Well, there is a subtle difference. Your code below doesn't evaluate the
name "crossfade" until your function expression is called. The code above
evaluates the name (but doesn't call the function) at the time the
setInterval call is made. But in your code the net effect is the same, since
the crossfade function exists at the time this code is run.

When you got the missing quotes error, did the error message actually read
like this?

    Error: useless setTimeout call (missing quotes around argument?)

That's because you tried to write this code:

    cInterval = window.setInterval( crossfade(), 5000 );

Here's what that code does, in this order:

1) Calls the crossfade() function immediately.

2) Passes the *return value* of the crossfade() function to setInterval.

But crossfade() presumably does not return any value - which is to say that
it returns the 'undefined' value, so it's the same as if you'd coded:

    cInterval = window.setInterval( undefined, 5000 );

And of course that is not what you intended.

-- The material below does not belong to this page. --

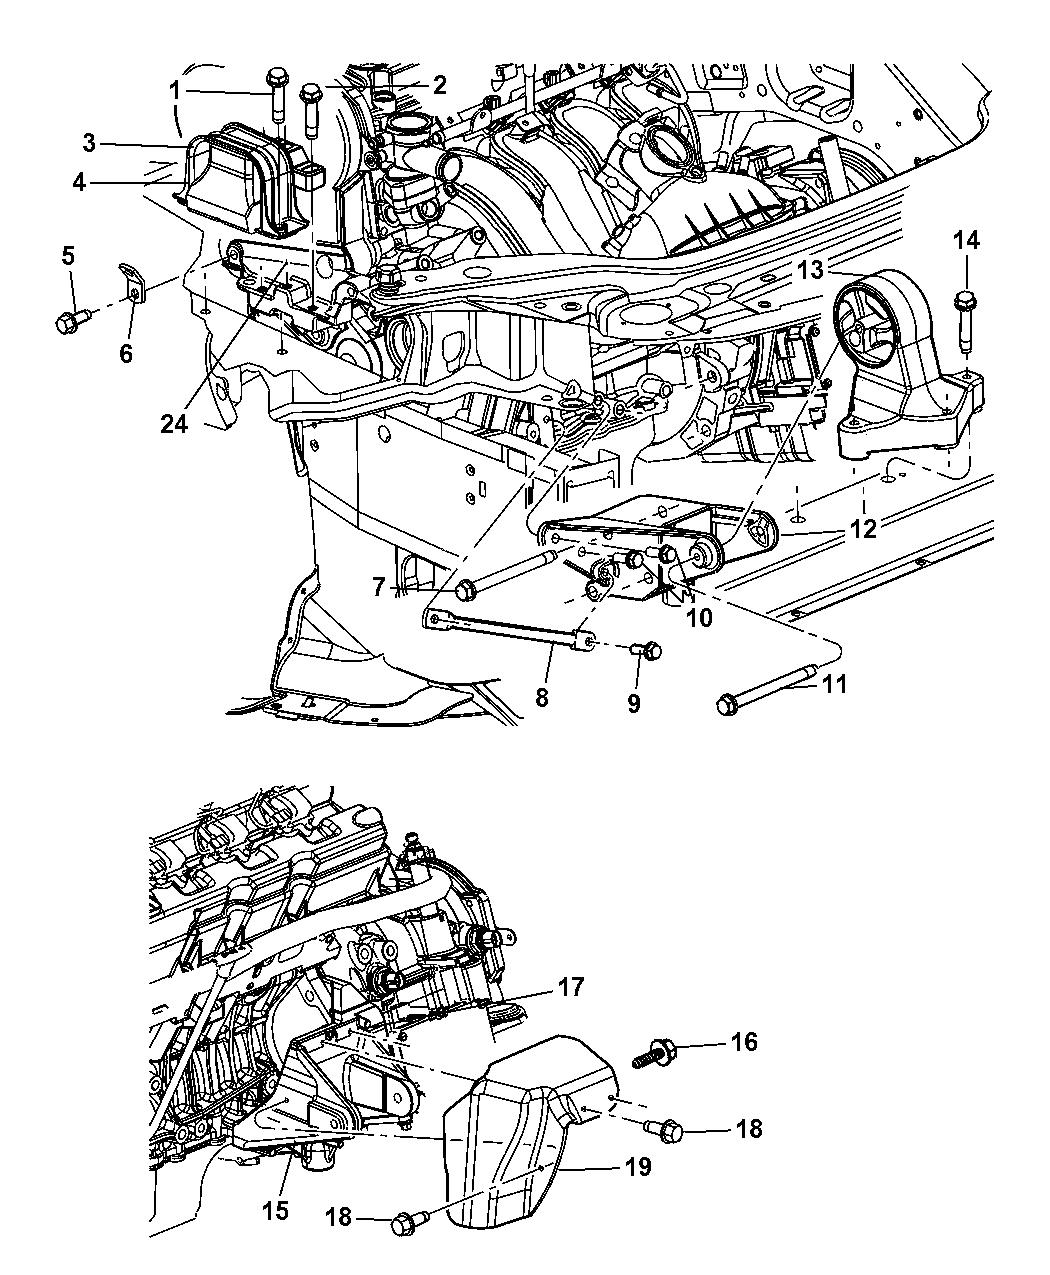 2006 Dodge Stratus Engine Diagram - Dc17 Wiring Diagram -  power-poles.yenpancane.jeanjaures37.frWiring Diagram Resource

Note the difference between this code:

    cInterval = window.setInterval( crossfade(), 5000 );

and this working code:

    cInterval = window.setInterval( crossfade, 5000 );

When you use a function name without (), you get a reference to the
function, which you can call later by using that reference (as setInterval
does). When you use () after a function name, you call the function
immediately and get its return value.

Two other notes...

You can leave out the 'window.':

    cInterval = setInterval( crossfade, 5000 );

And, I assume you have a 'var cInterval;' somewhere inside your outer
function? I get nervous when I see a variable assignment without a 'var',
unless I know there's a 'var' somewhere in the code for it. Otherwise you'd
be unintentionally creating a global variable.

-Mike

On Tue, Nov 24, 2009 at 11:33 AM, Magnificent <
imightbewrongbutidontthin...@gmail.com> wrote:

> Hi Mike,
>
> Thanks much for your reply.  I dropped in an anonymous function and
> that fixed it:
>
> cInterval = window.setInterval(function() { crossfade(); }, 5000);
>
> I tried calling crossfade() without quotes, but FF gave me a missing
> quotes error.
>